Pass on your own favourite restaurant stories and, who knows, Gamba might invite along the winner to help celebrate their anniversary.
Merry dance GLASGOW'S SECC is helping to host the televised Eurovision Dance Contest on Saturday. Representing Russia is Alexander Litvinenko and partner Tatiana Navka dancing a fusion of cha-cha, samba, rumba, paso doble and Russian national dance.
As our, perhaps confused, correspondent at MI5 comments: "No doubt he is saying to himself, This is the last place they'd look for me if they guessed my death was faked'."
See red OUR Manchester correspondent phones to tell us: "So Manchester City has signed Real Madrid's Brazilian forward Robinho. Apparently, no-one told him there were two teams in Manchester. Boy is he in for a shock."
Roots mon! GERRY MacKenzie heard a chap in the pub announce: "I was reading that American presidential hopeful Barack Obama is claiming Scottish blood in his ancestry."
"Would that be the Maryhill Baracks?" replied his drinking buddy.
Not playing ball GLASGOW-BORN football internationalist John Wark, right, in his home town to promote Setanta's coverage of upcoming Scotland games, was recalling his appearance in the great/bad football film Escape to Victory which starred Michael Caine, Sylvester Stallone and Pele. John, and fellow players including Bobby Moore, Osvaldo Ardiles and Mike Summerbee, flew in to Budapest to film the footballing scenes about PoWs playing the Germans.

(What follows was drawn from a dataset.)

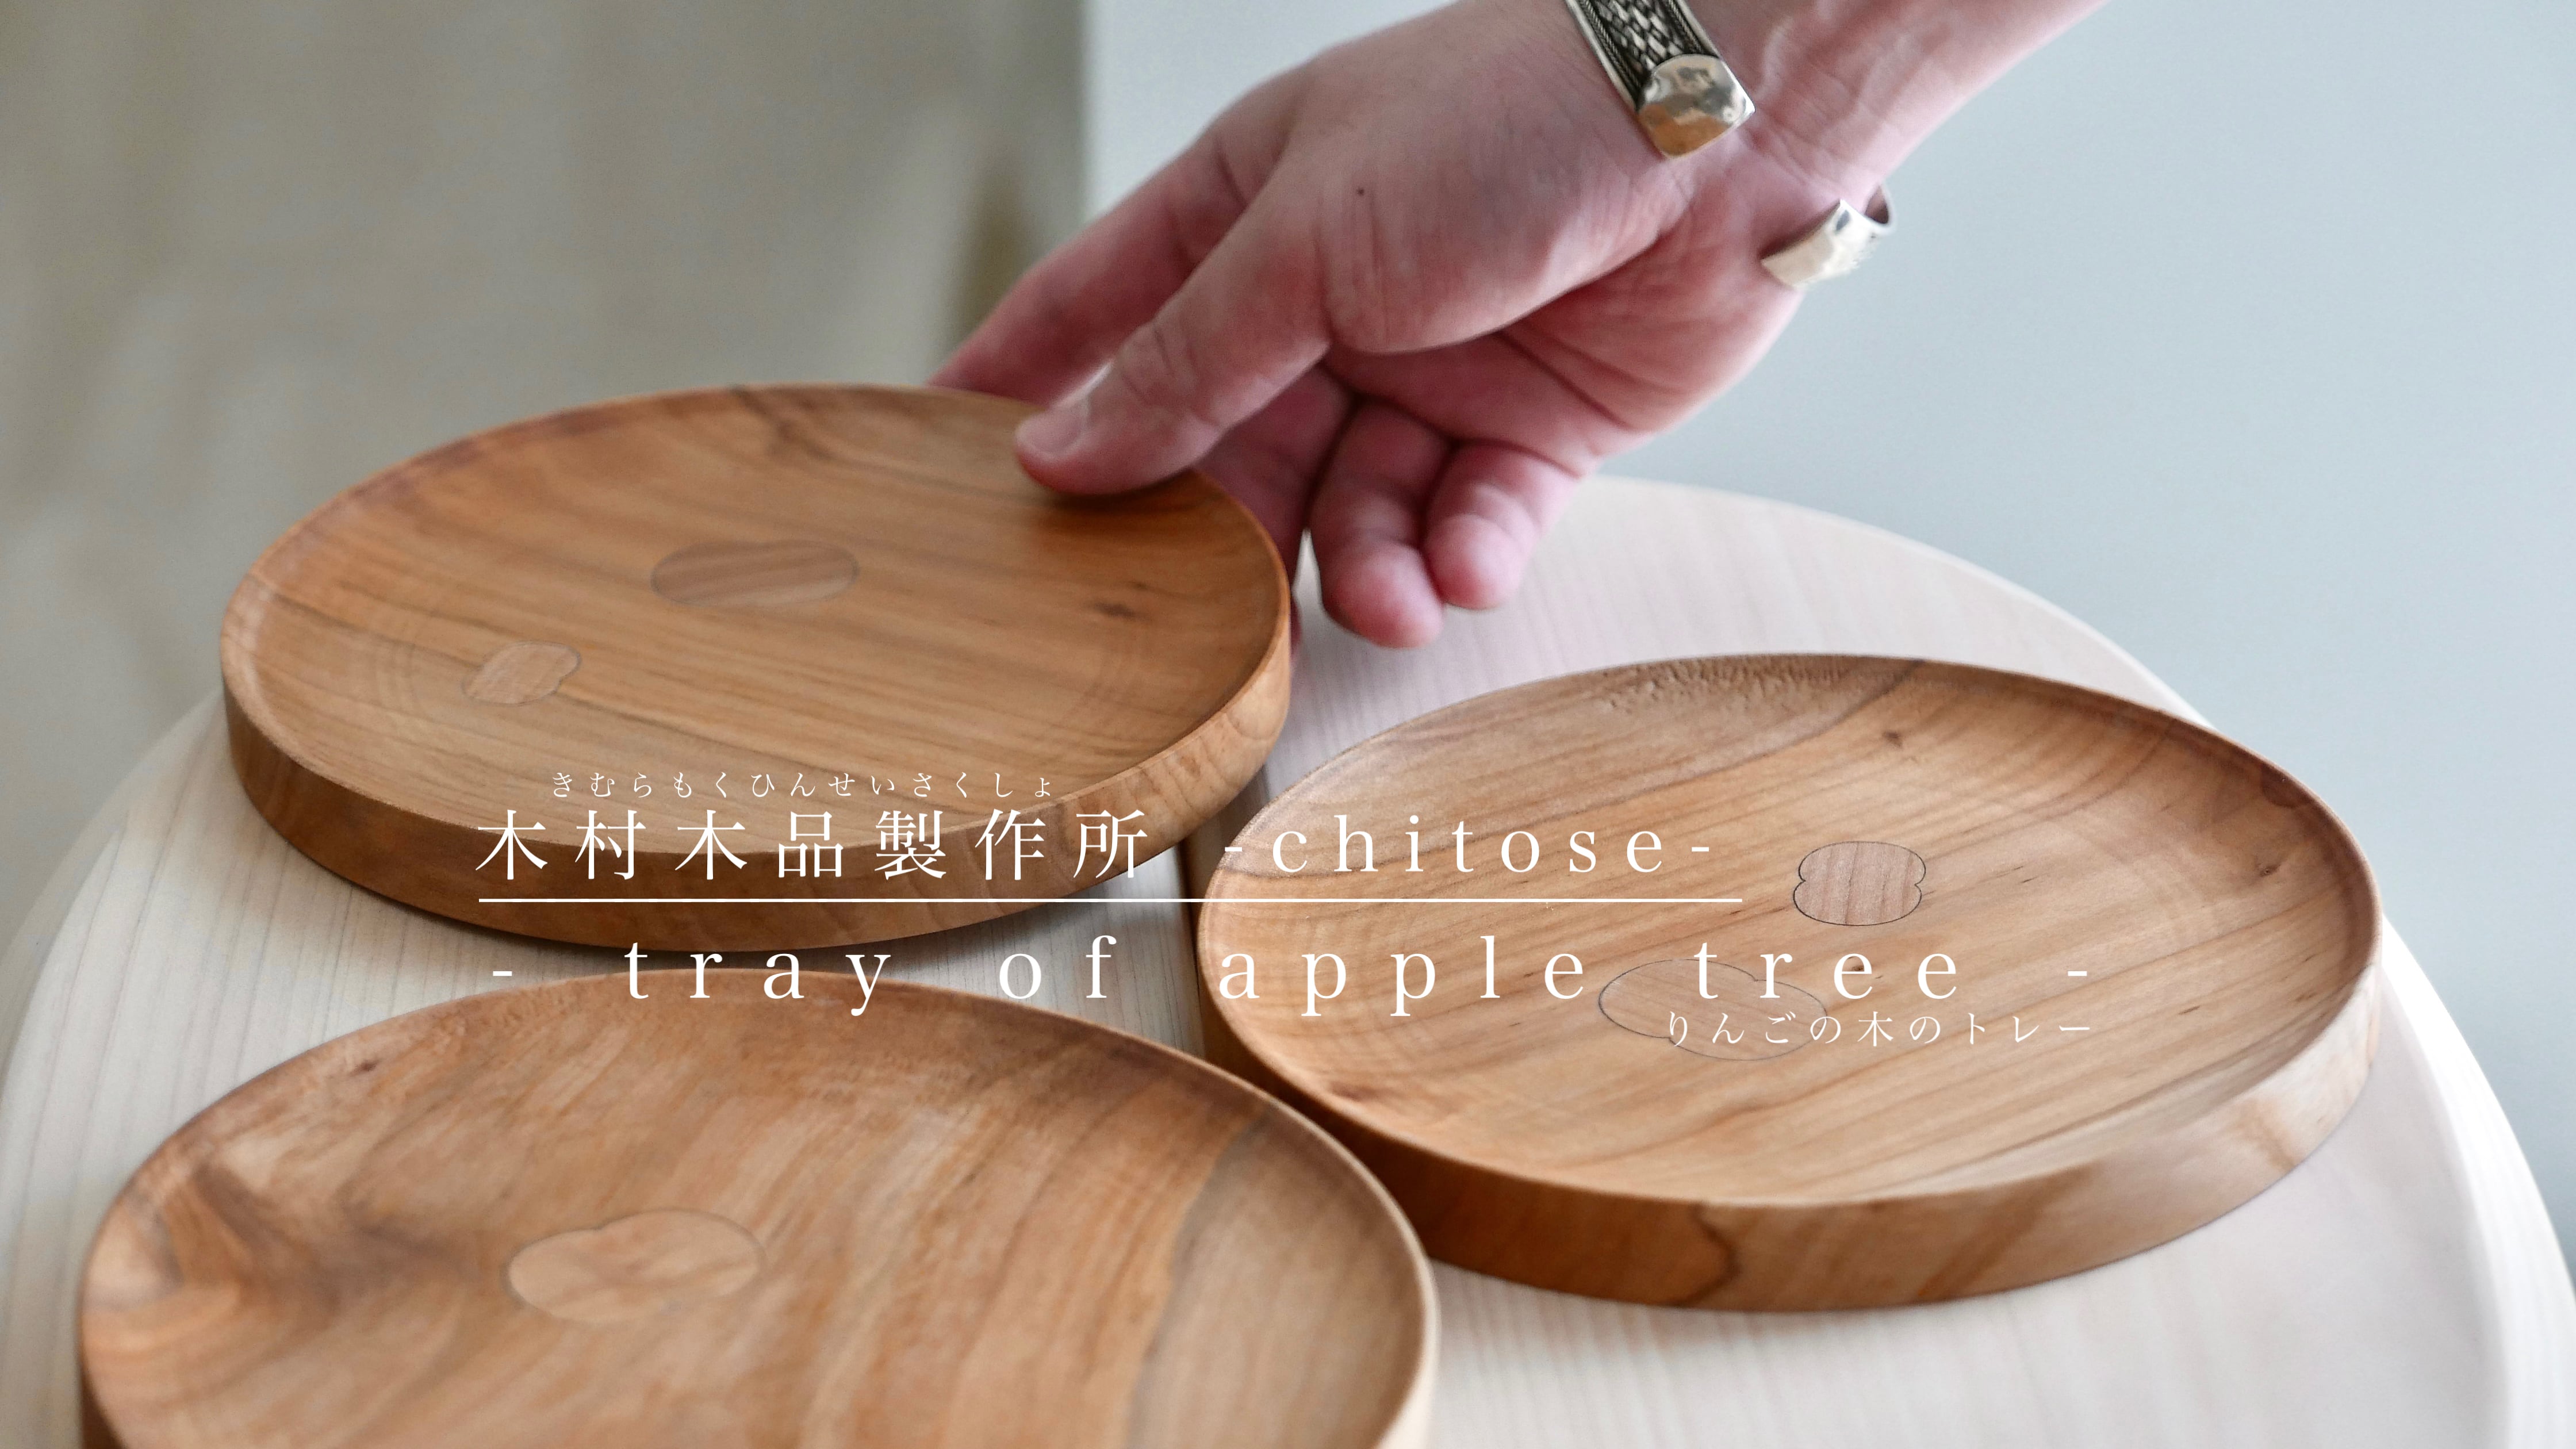 木村木品製作所 -chitose-　" tray of apple tree " りんごの木のトレー

But as filming dragged on, and the players were expected to deliver lines, John was picked to go in to see Oscar-winning director John Huston and the producers to claim a pay rise for their increased involvement.
A terse "**** off the lot of you" had John returning empty-handed to the players who decided to shelve any further wage demands.

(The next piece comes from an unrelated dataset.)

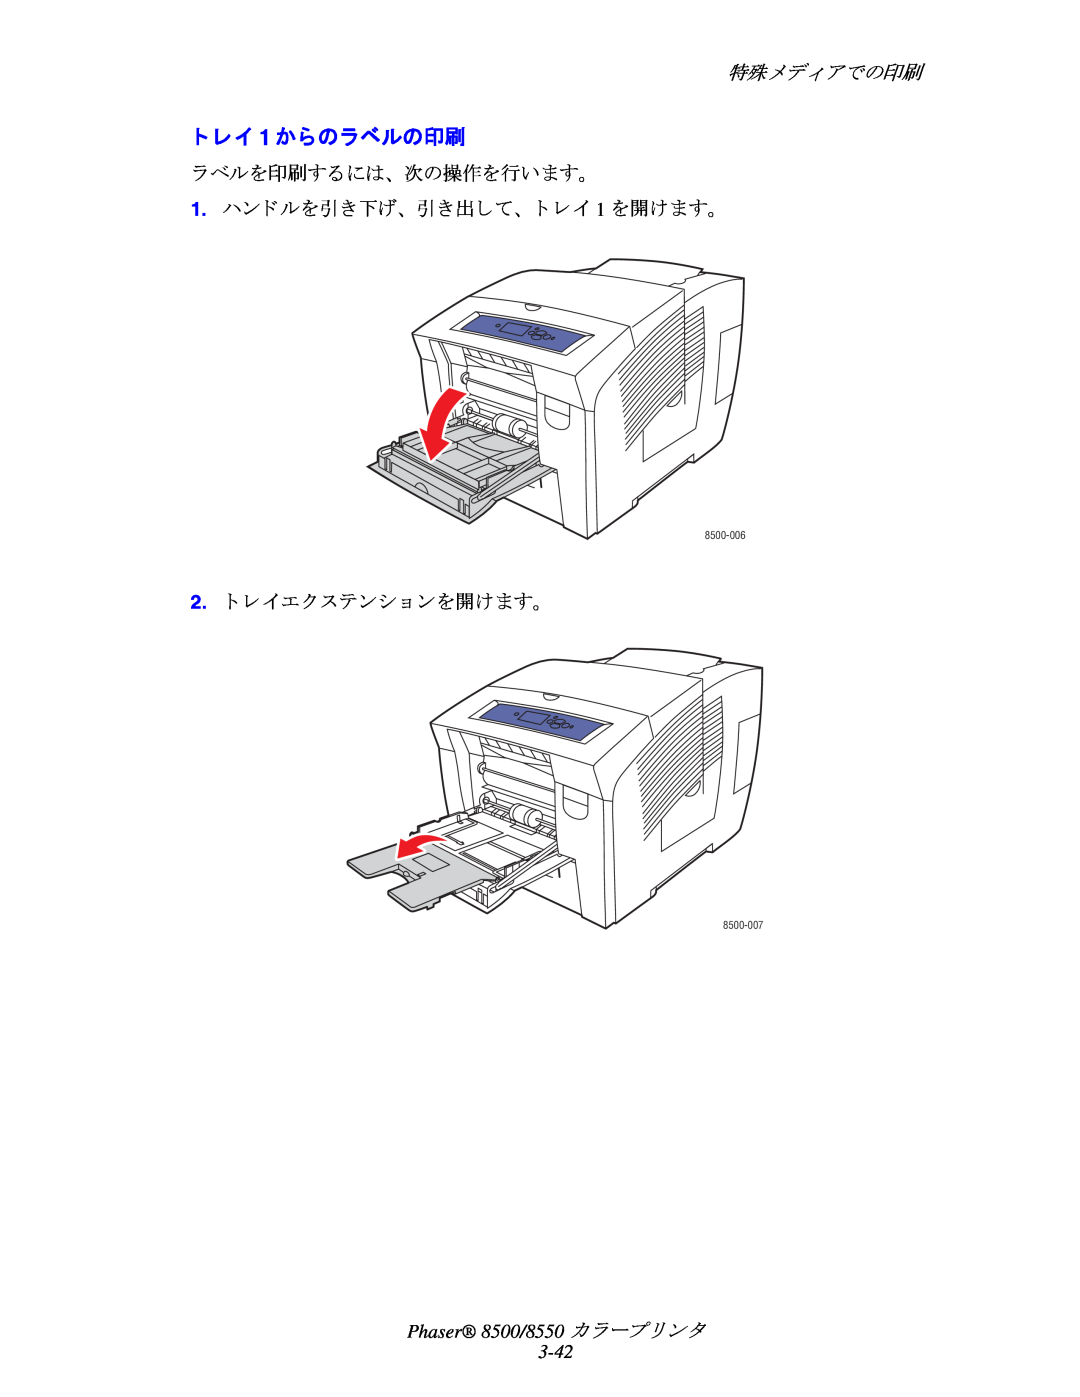 Xerox manual ト レイ 1 からのラベルの印刷, 特殊メデ ィ アでの印刷, Phaser 8500/8550 カ ラープ リ ン タ 3-42, 8500-006, 8500-007

Large-print version A FIVE-FOOT-tall poster detailing Scottish Opera's new season has been prised from the wall of the Theatre Royal in Glasgow.
There were no ripped strips lying on the pavement, so it might not have been vandals. It would be uncharitable to suggest, of course, that, given the age of many of its season-ticket holders, it was merely taken by an ageing opera fan whose eyesight required such large lettering to keep track of what's coming up.
Vicious cycle Round-the-world cyclist Mark Beaumont unveiled a 10ft-tall steel bike, created by artist John Cosby, on the banks of the Forth and Clyde Canal in Clydebank at the weekend, to raise awareness of the canal.
As John himself described The Bankies' Bike: "The arty bit is the easy part. The real graft is dealing with the bureaucracy, the structural engineers and the sub-contractors." He was, of course, talking about graft in its original meaning of hard work.
Being Clydebank, though, someone had to shout out something. As Mark unveiled the artwork, a local wean hollered: "On yer bike, big man!" "Just bought a new CD called Sounds of the 70s," declared the regular in a west end bar.
"But it was just full of old folk coughing and complaining about everything."